Accurate, filtered count

JS
db.orders.countDocuments({ status: "shipped" })
db.orders.countDocuments({})   // total count with a filter — still does real work
estimatedDocumentCount()

estimatedDocumentCount() reads the collection's cached metadata count instead of scanning anything. It's near-instant regardless of collection size — but it ignores any filter and can be slightly stale under heavy concurrent writes.

Fast, unfiltered, approximate count

JS
db.orders.estimatedDocumentCount()   // no filter argument accepted at all

Method

Accuracy

Speed

Supports a Filter?

countDocuments(filter)

Exact

Scans matching documents/index entries — scales with match count

Yes

estimatedDocumentCount()

Approximate (collection metadata)

Near-instant, independent of collection size

No

Tip
Use estimatedDocumentCount() for dashboard-style "total rows in this collection" displays where a filter isn't needed and perfect precision doesn't matter. Use countDocuments() whenever the count must reflect a filter, or must be exactly correct.
$count in Aggregation

Inside a pipeline, $count collapses everything reaching that stage into a single document with a count field — handy when the count needs to happen after other stages like $match, $group, or $unwind.
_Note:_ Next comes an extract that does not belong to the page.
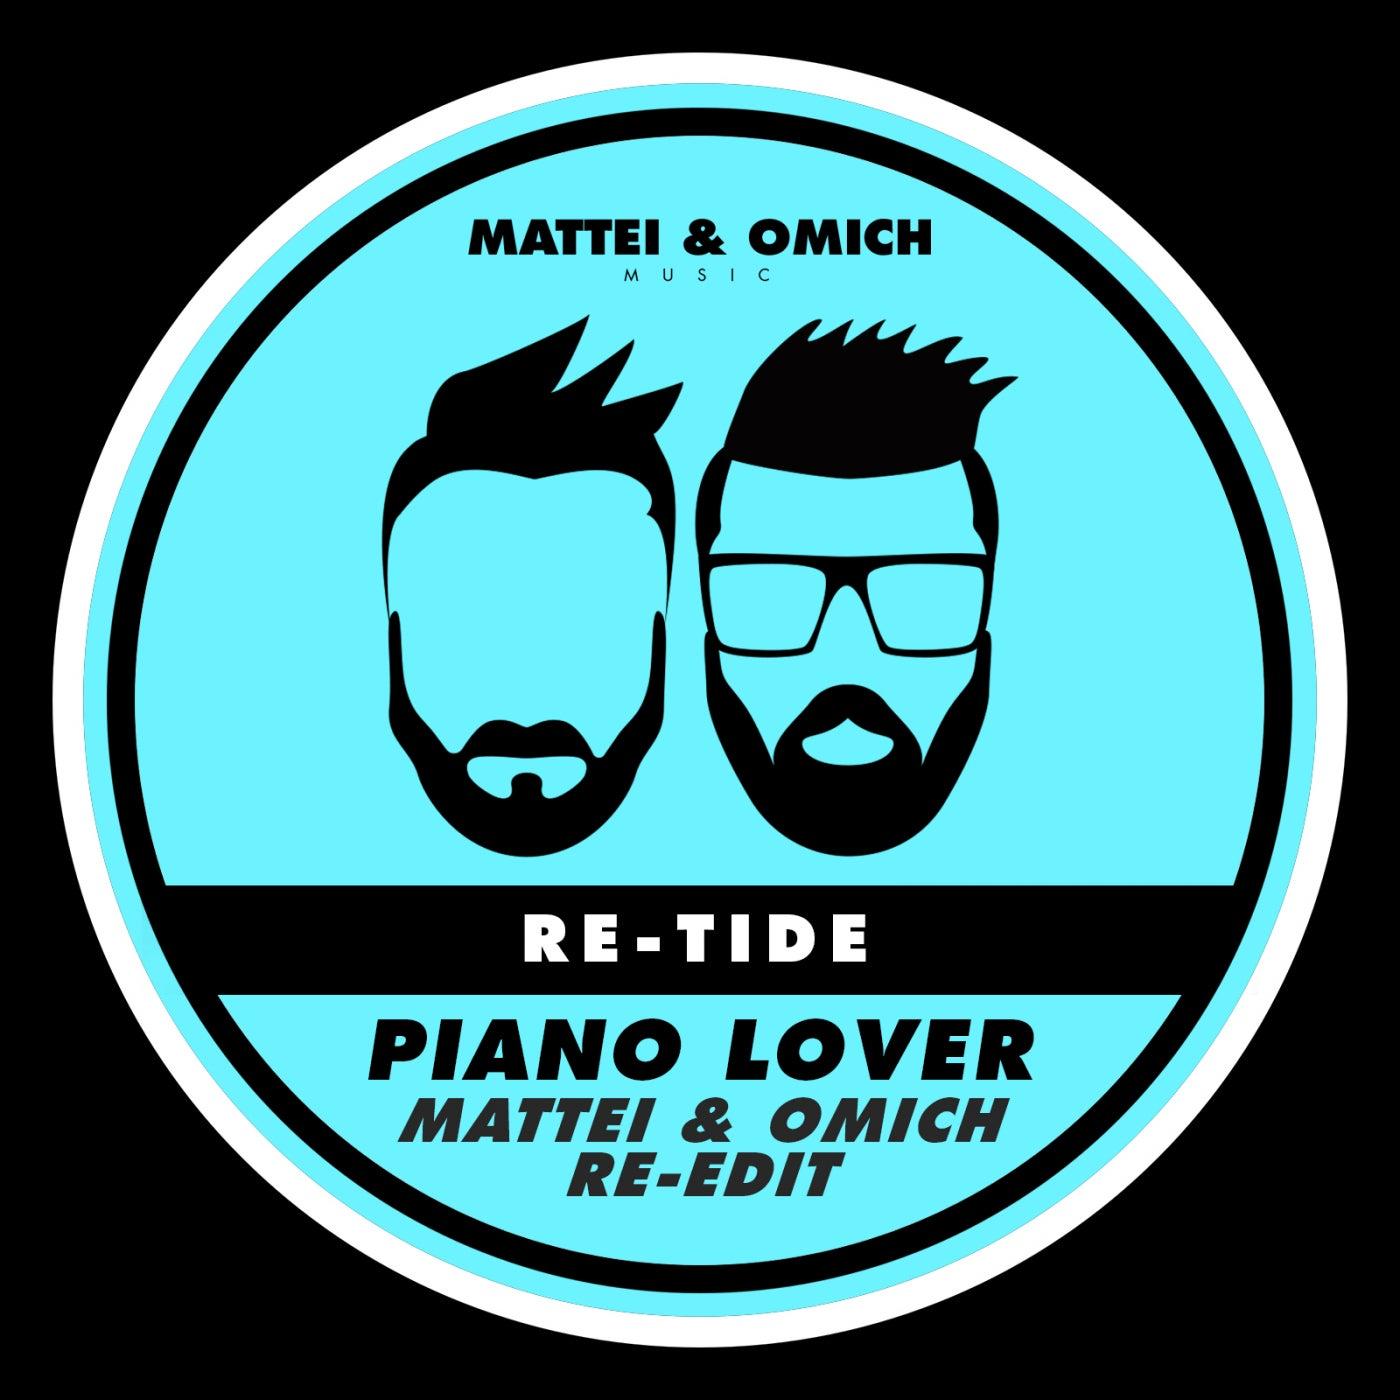 Piano Lover (Mattei & Omich Re-Edit)
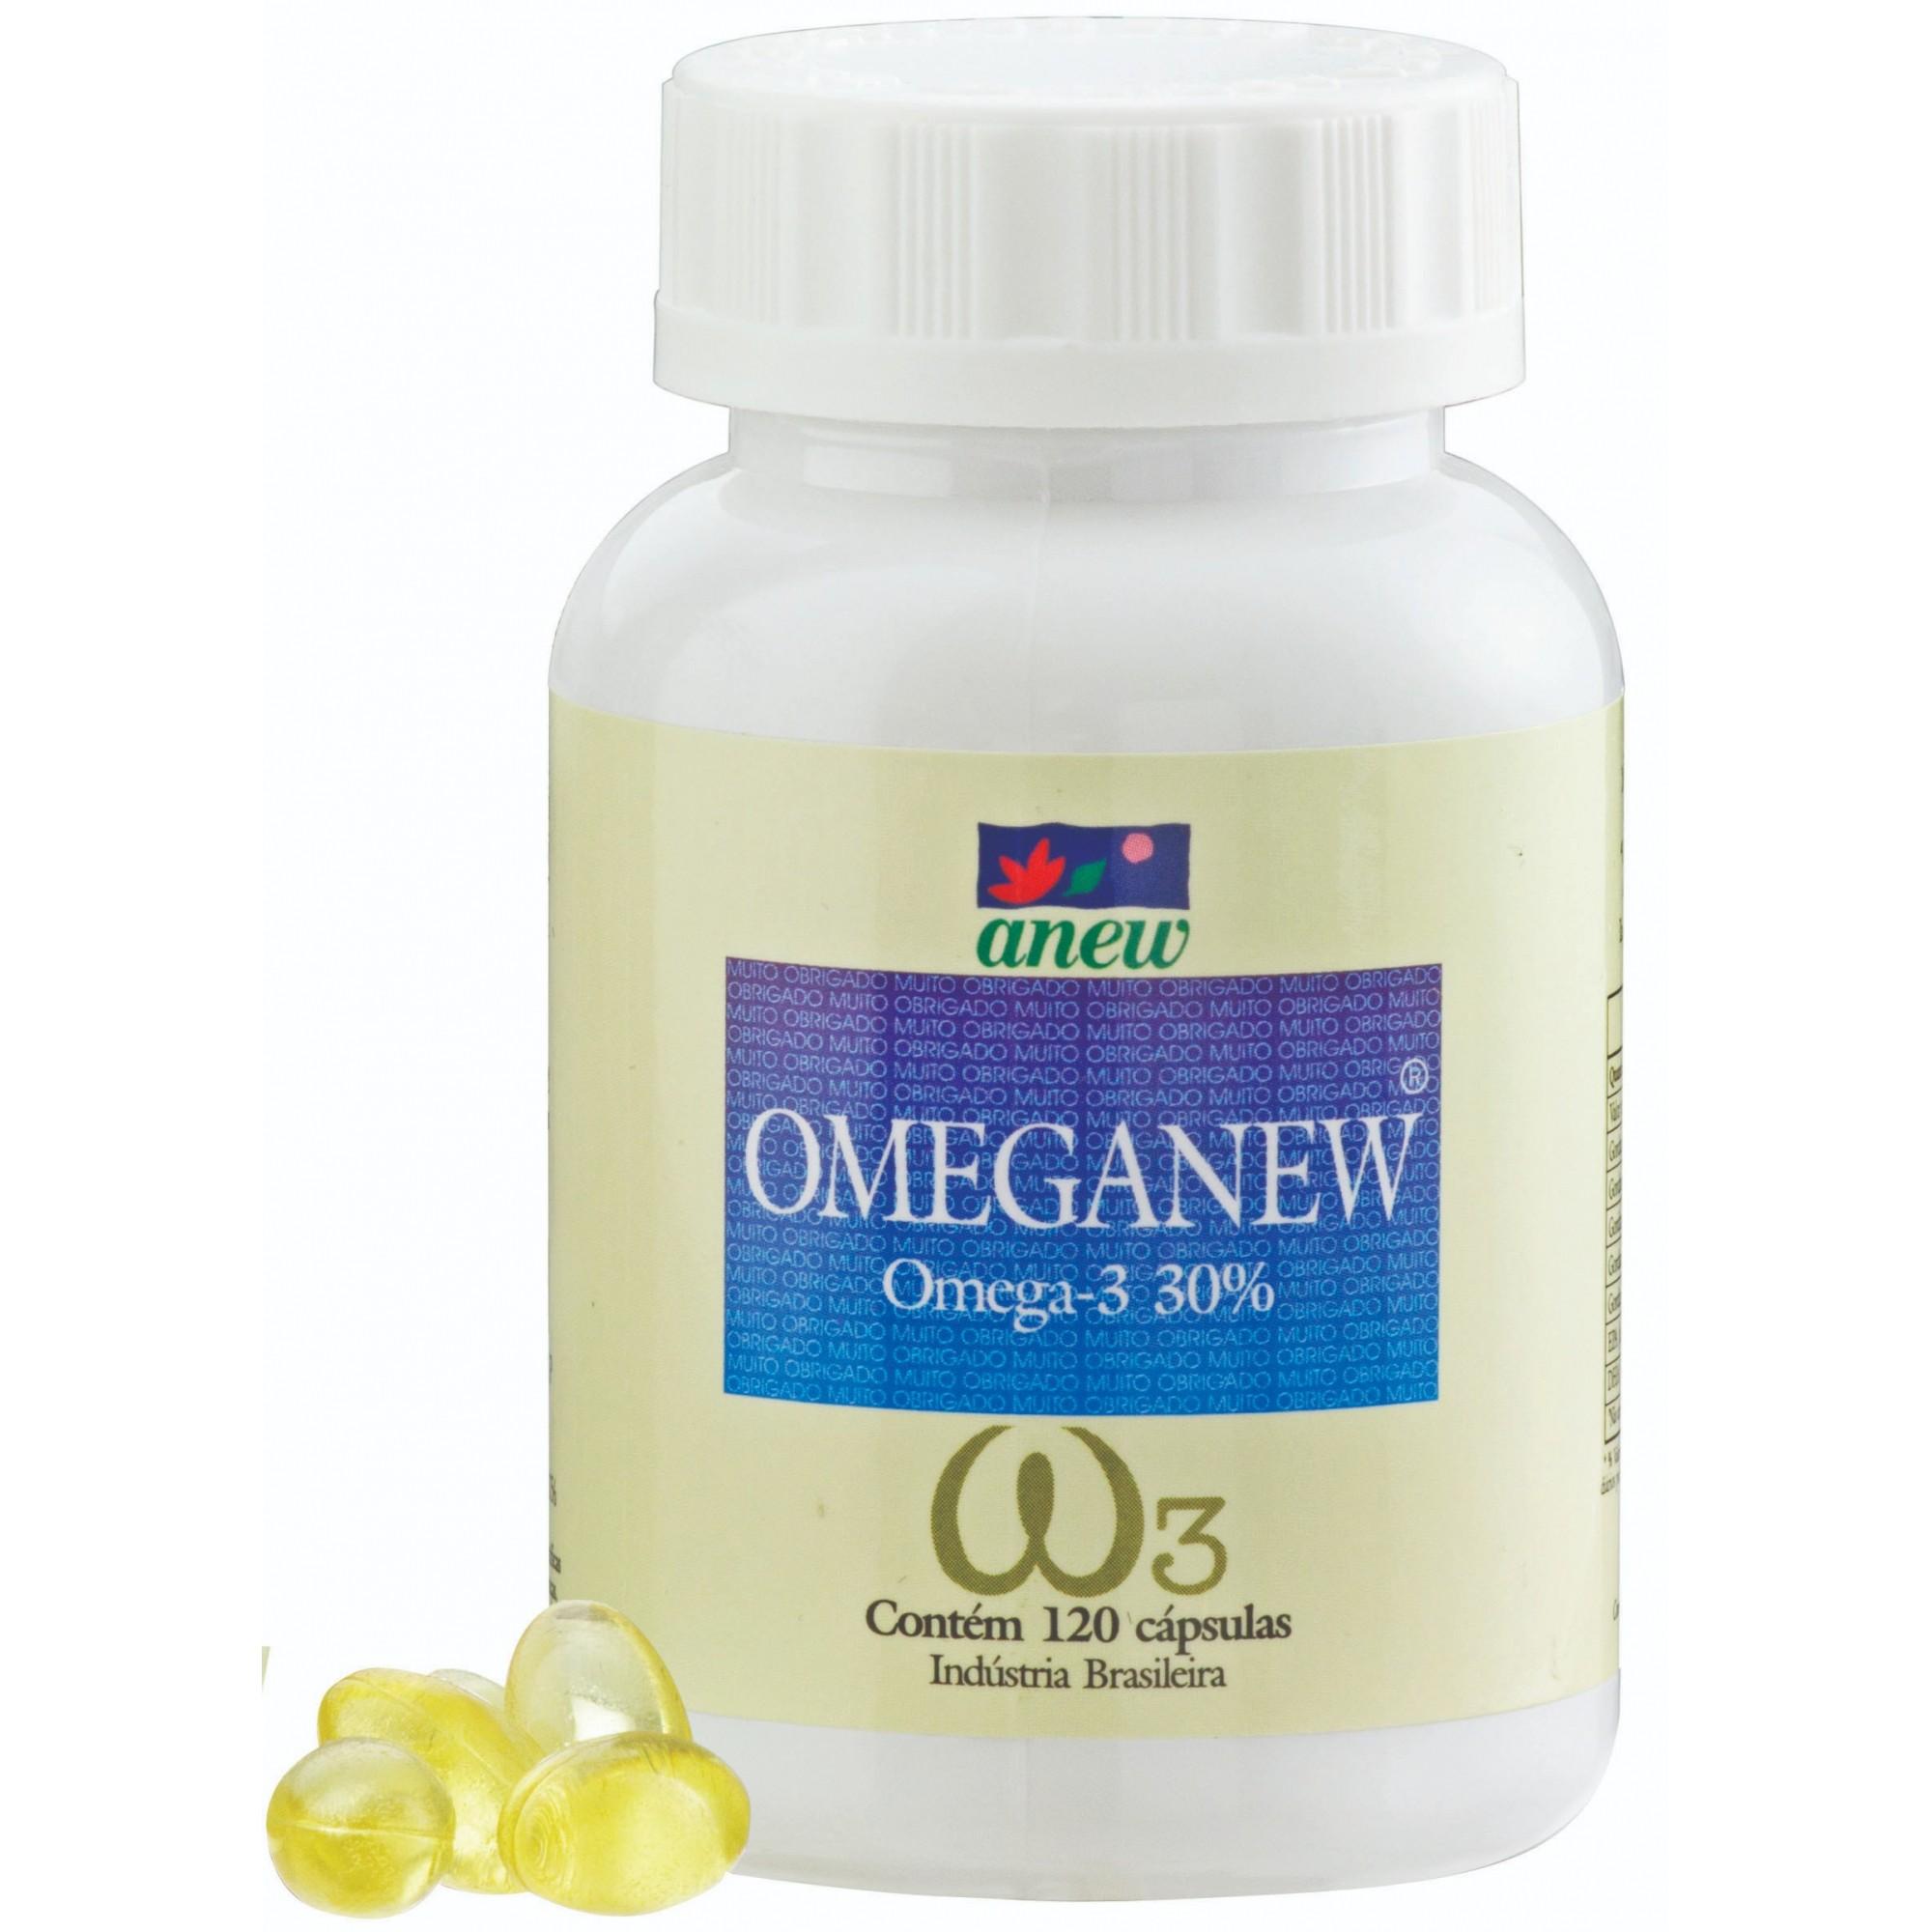 Omeganew - Ômega 3 Anew 120 cáps

$count after other pipeline stages

JS
db.orders.aggregate([
  { $match: { status: "shipped" } },
  { $unwind: "$items" },
  { $match: { "items.category": "widgets" } },
  { $count: "widgetLineItems" }
])
// [ { widgetLineItems: 42 } ]
Note
db.collection.countDocuments(filter) is implemented internally as an aggregation pipeline ([{ $match: filter }, { $group: { _id: null, n: { $sum: 1 } } }] roughly) — so reaching for $count directly is really just doing that same thing explicitly, useful when you need it mid-pipeline rather than as the final result.
distinct()

distinct() returns the unique values of a single field across the (optionally filtered) collection, as a plain array — no counts.

distinct() basics

JS
db.products.distinct("category")
// [ "widgets", "gadgets", "gizmos" ]

db.products.distinct("category", { inStock: true })   // with a filter
// [ "widgets", "gadgets" ]
Warning
distinct() has a result-size limit: the combined size of all distinct values must fit within the 16 MB BSON document limit, because the result set is built as a single document internally. For fields with a huge number of unique values, use a $group aggregation instead — it streams rather than buffering everything into one document.
Distinct Values With Counts via $group

distinct() only gives you the unique values — not how many documents have each one. For that, use $group, which doubles as a "distinct with counts" tool.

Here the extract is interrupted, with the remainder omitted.